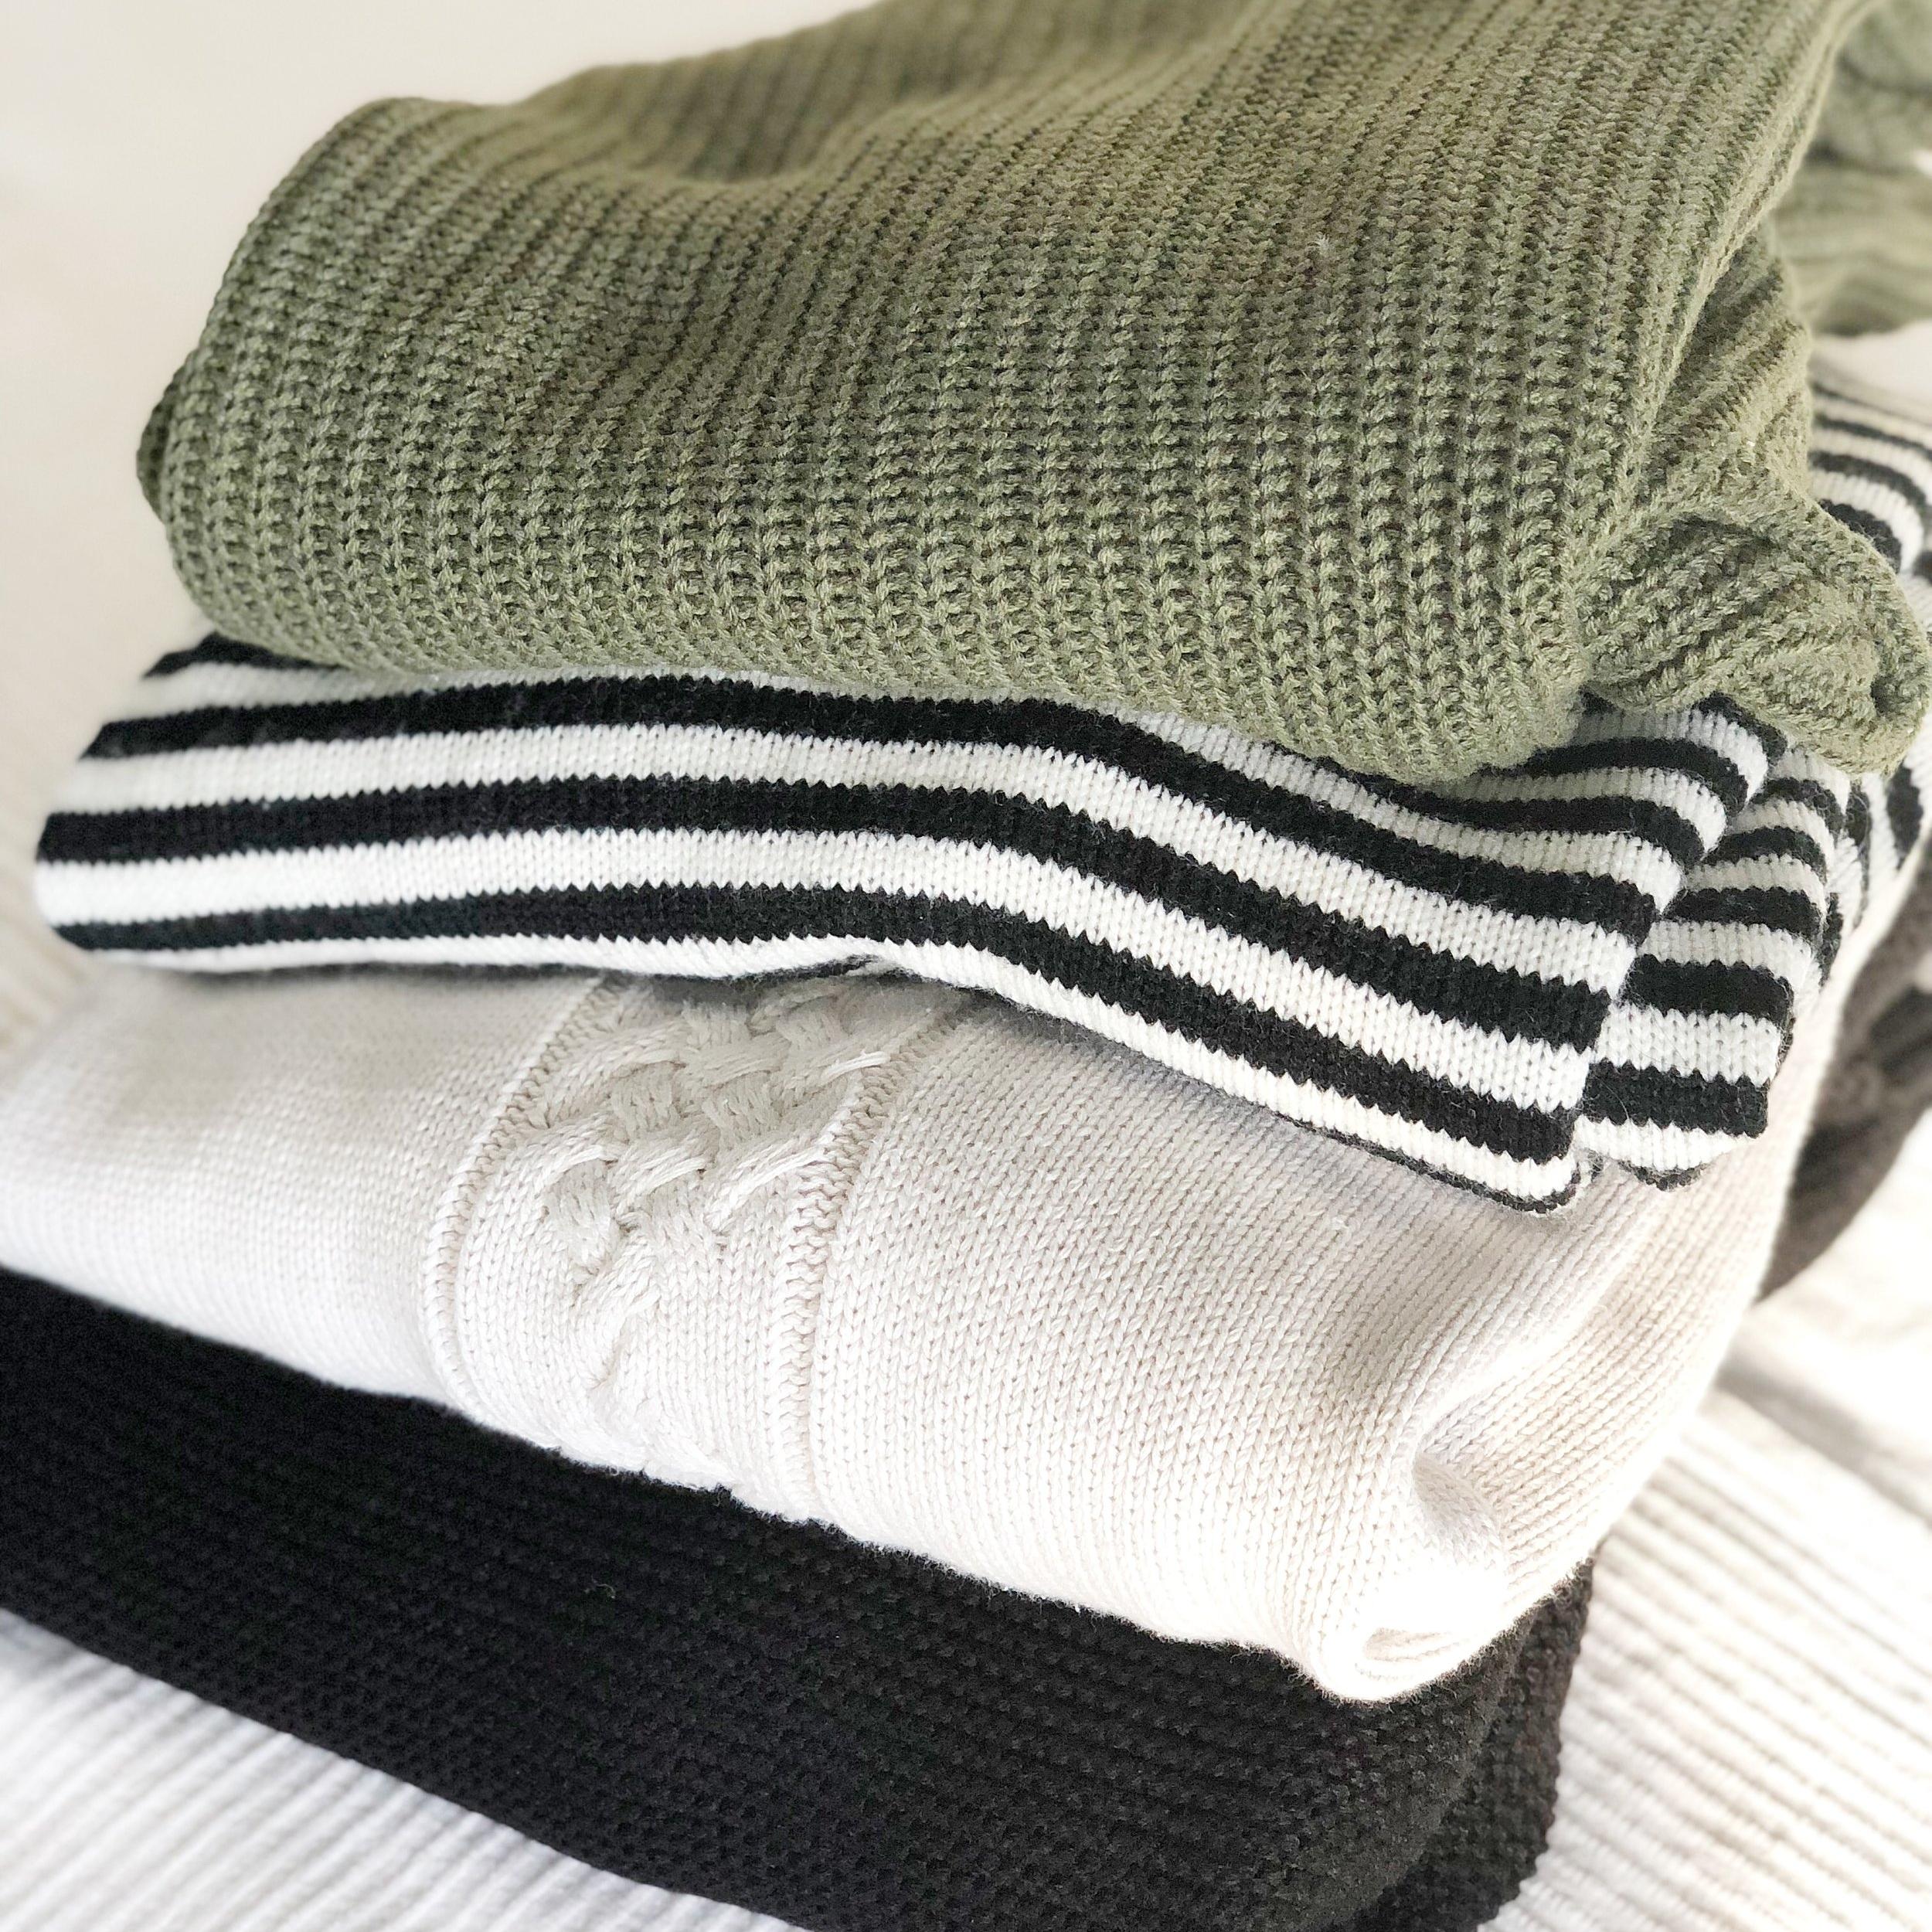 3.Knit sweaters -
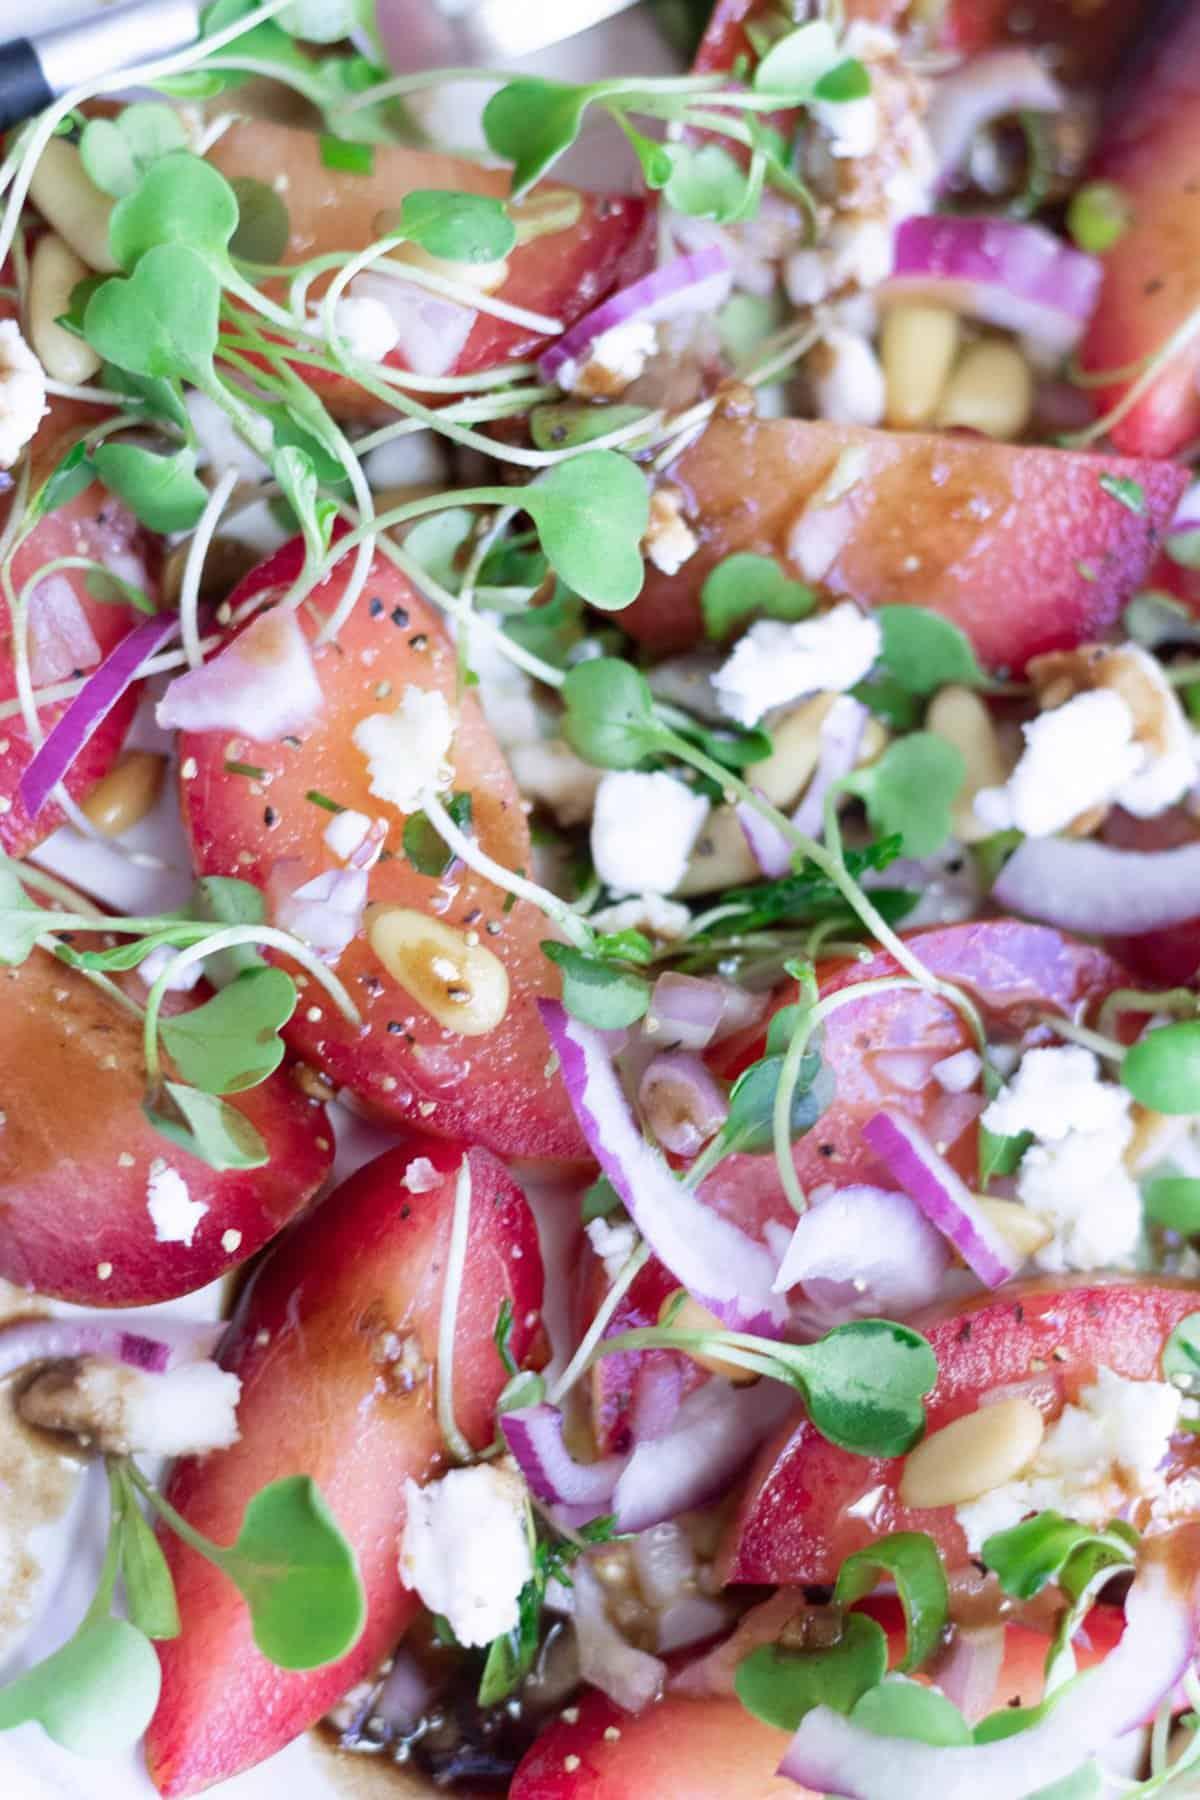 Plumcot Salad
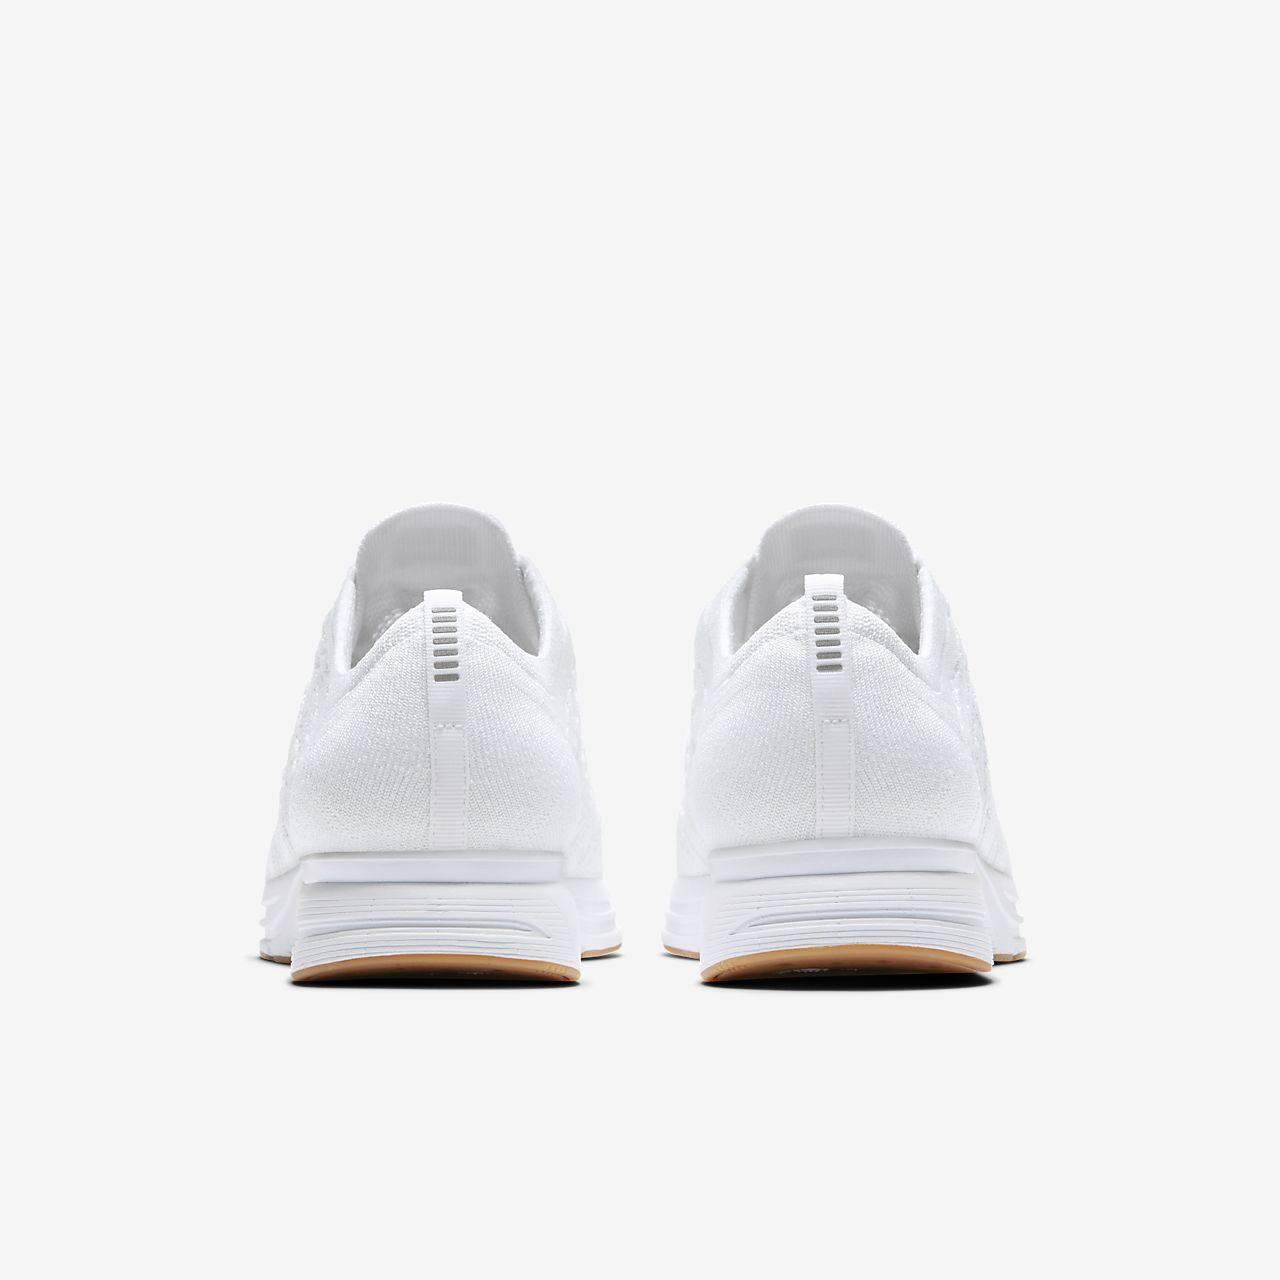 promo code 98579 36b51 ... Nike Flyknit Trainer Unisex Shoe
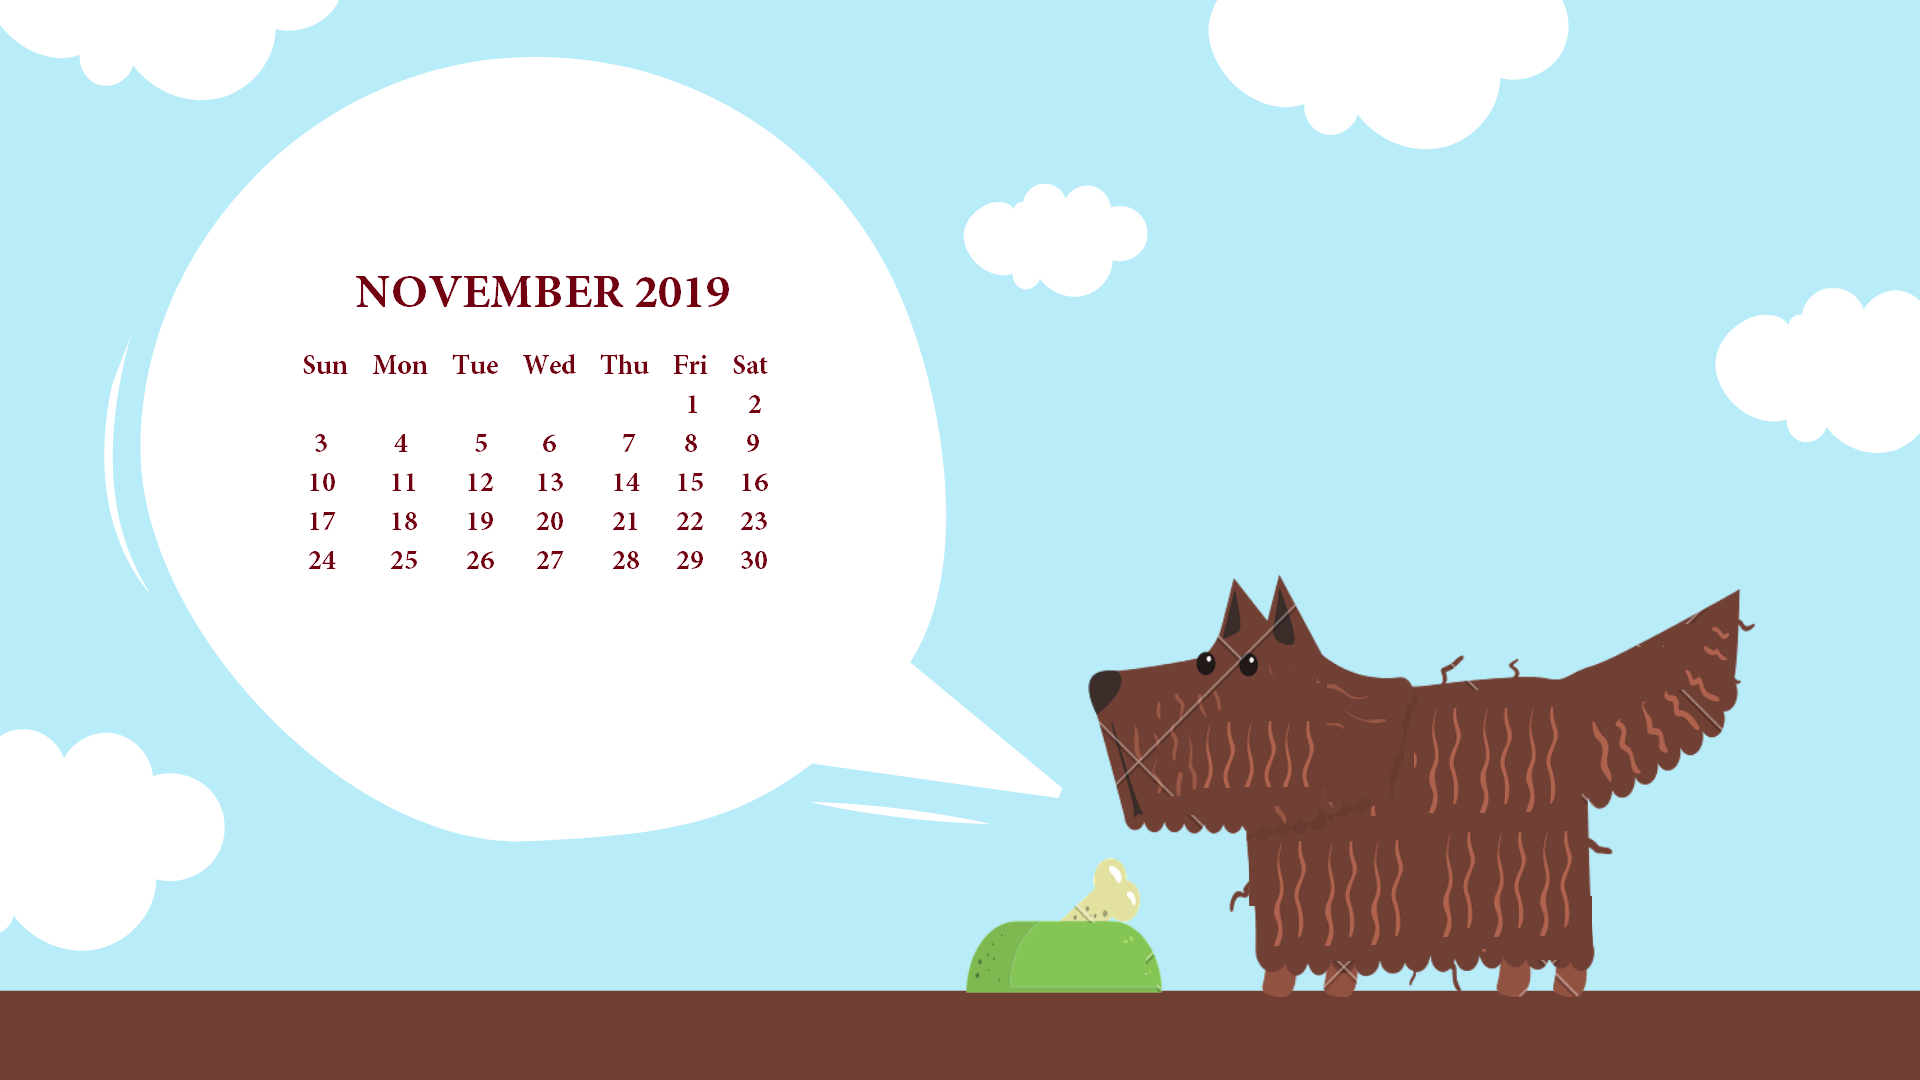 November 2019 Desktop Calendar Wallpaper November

§ EXERCISE OBJECTIVE
The material above should be printed again exactly, with each picture left out.

§ RESULT
 3.Knit sweaters -
 Plumcot Salad
 promo code 98579 36b51 ... Nike Flyknit Trainer Unisex Shoe
 November 2019 Desktop Calendar Wallpaper November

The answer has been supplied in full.